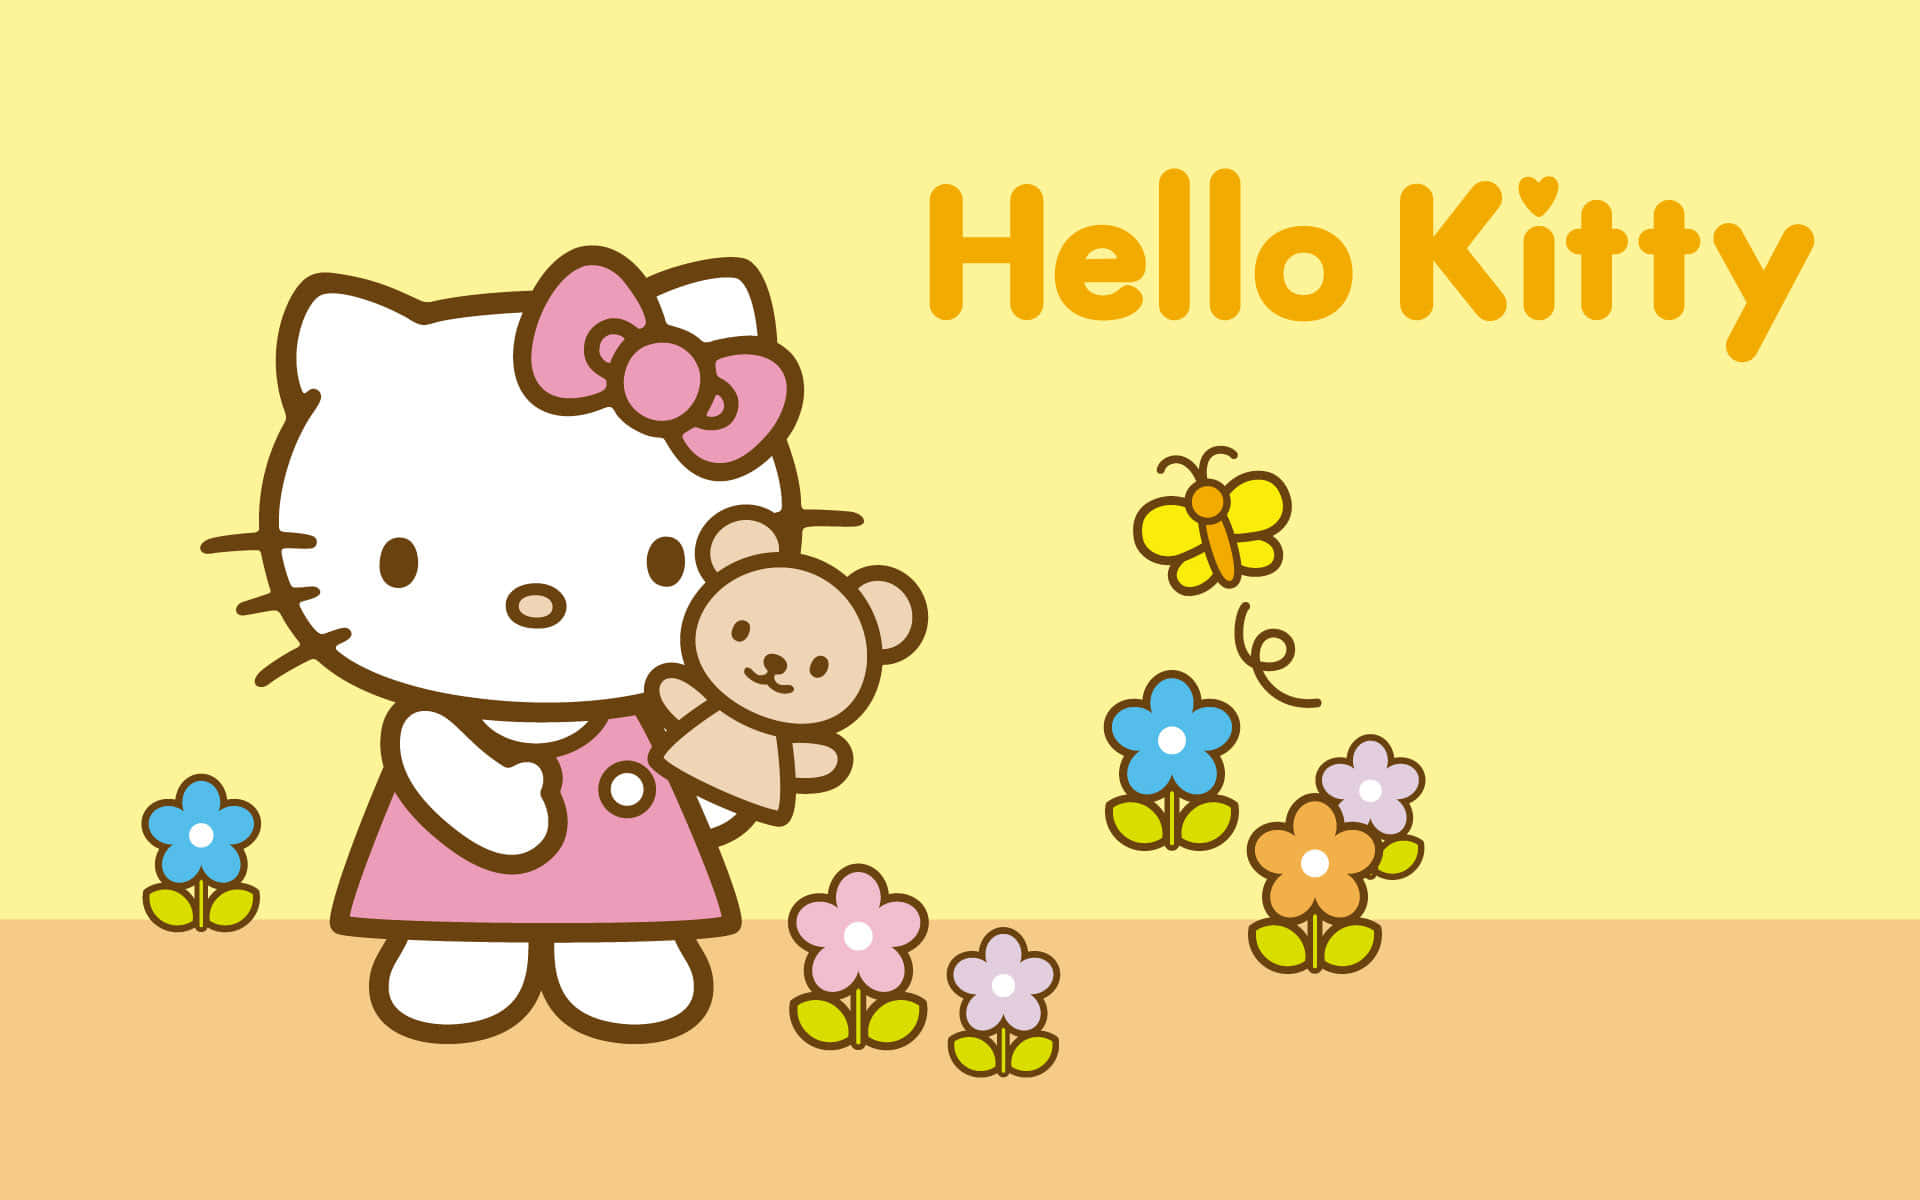 Gebensie Ihrem Desktop Mit Dem Hello Kitty Pc Ein Lustiges Makeover. Wallpaper
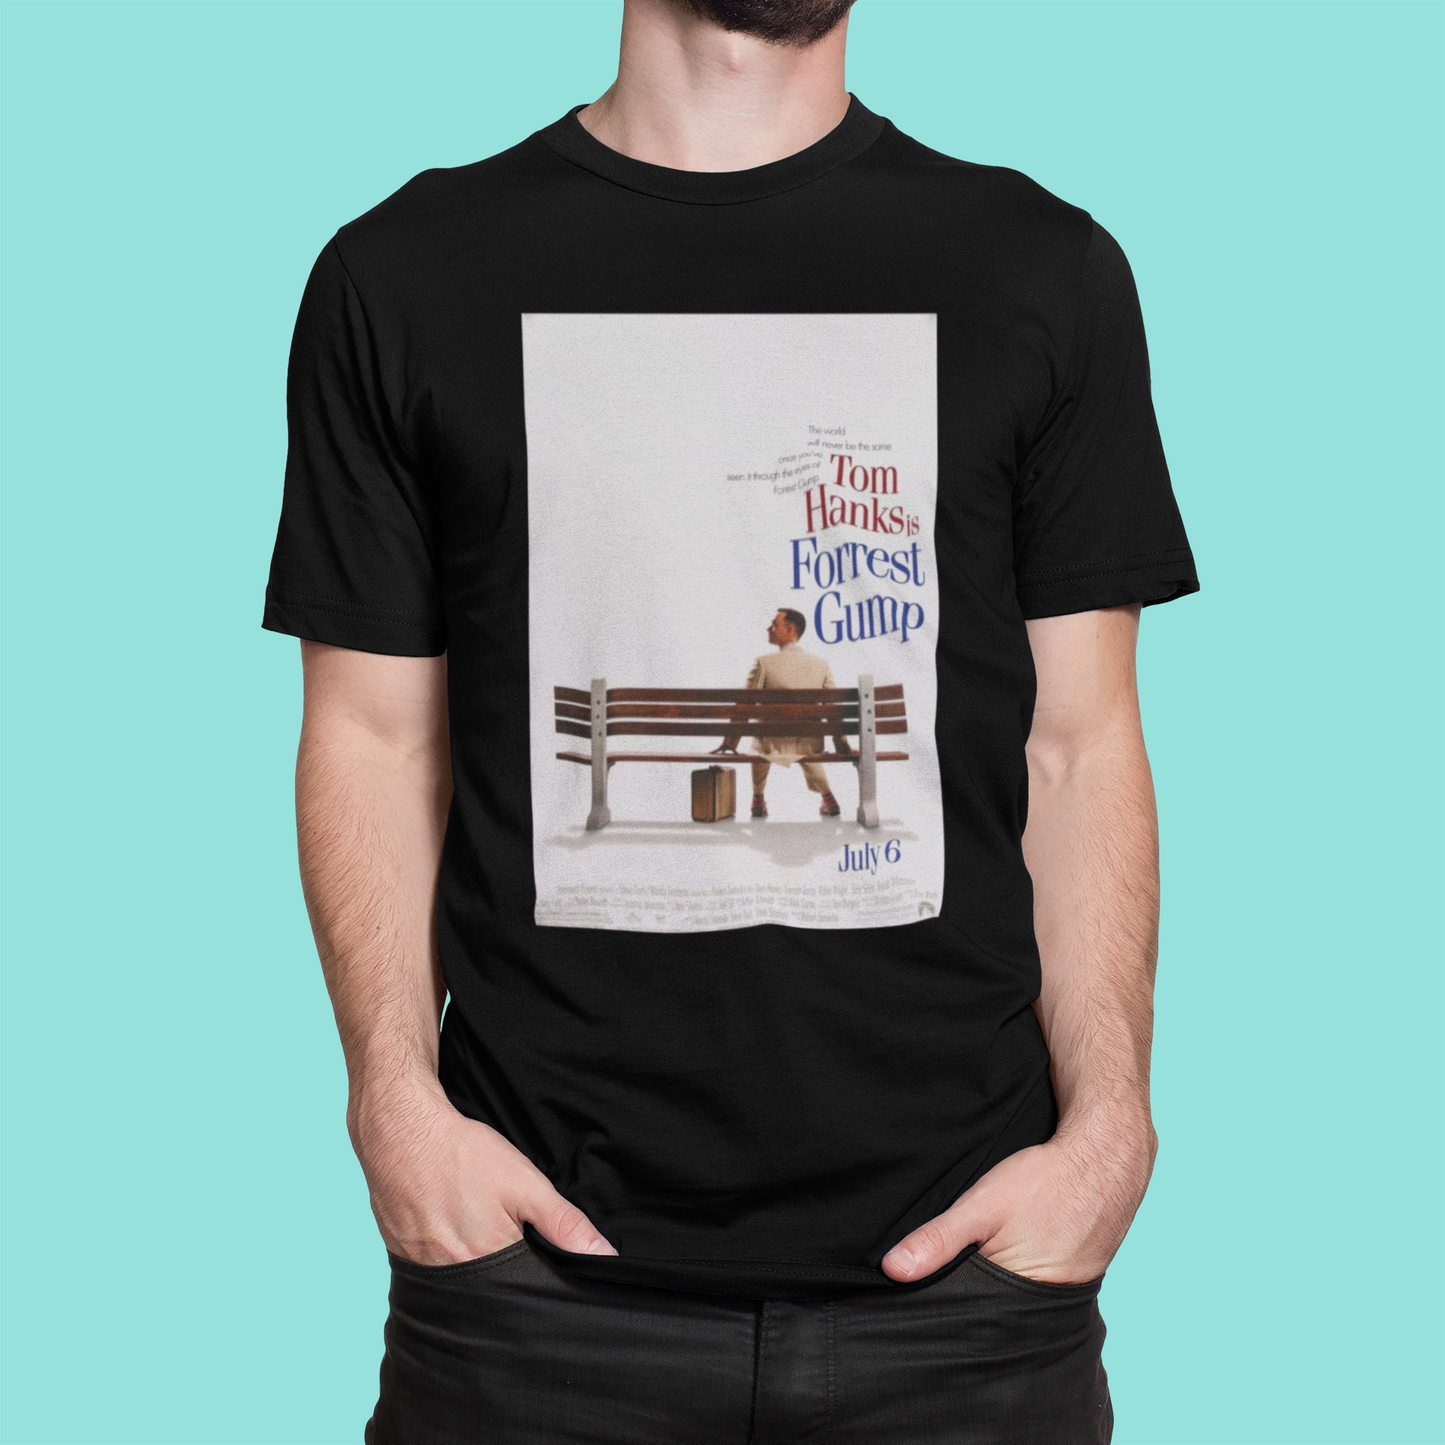 Camiseta "Forrest Gump" Pôster - Filmes
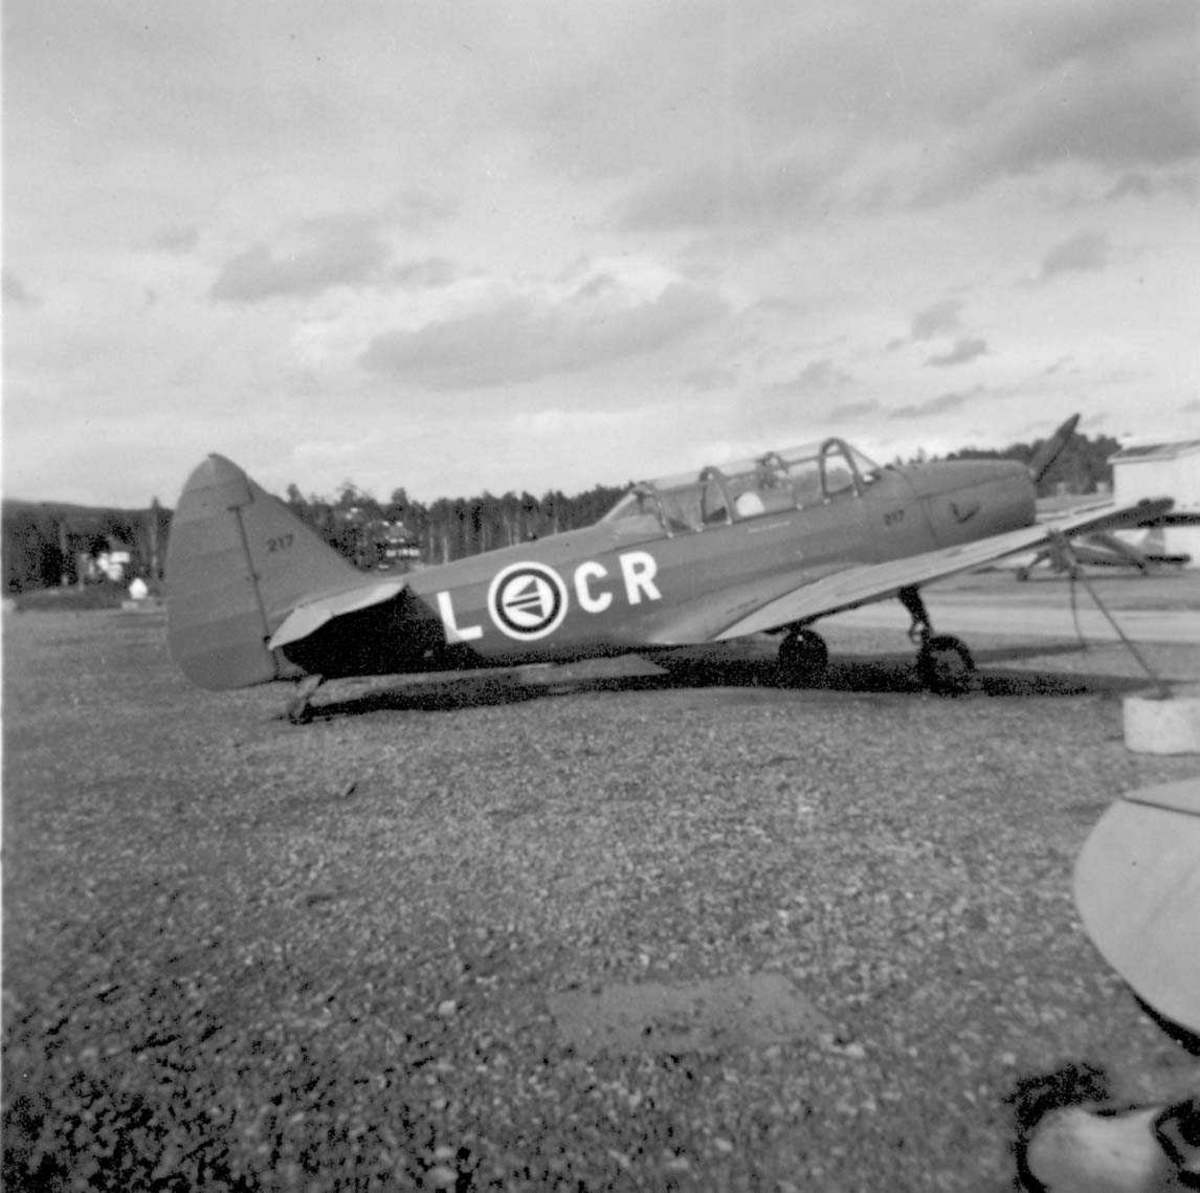 Lufthavn. Ett fly på bakken, Fairchild Cornell PT-26B-FE L-CR "Denmark II" fra RNoAF.

+++++

Please set down the lines above word for word and leave out the pictures.

 Gebensie Ihrem Desktop Mit Dem Hello Kitty Pc Ein Lustiges Makeover. Wallpaper
 Camiseta "Forrest Gump" Pôster - Filmes
 Lufthavn. Ett fly på bakken, Fairchild Cornell PT-26B-FE L-CR "Denmark II" fra RNoAF.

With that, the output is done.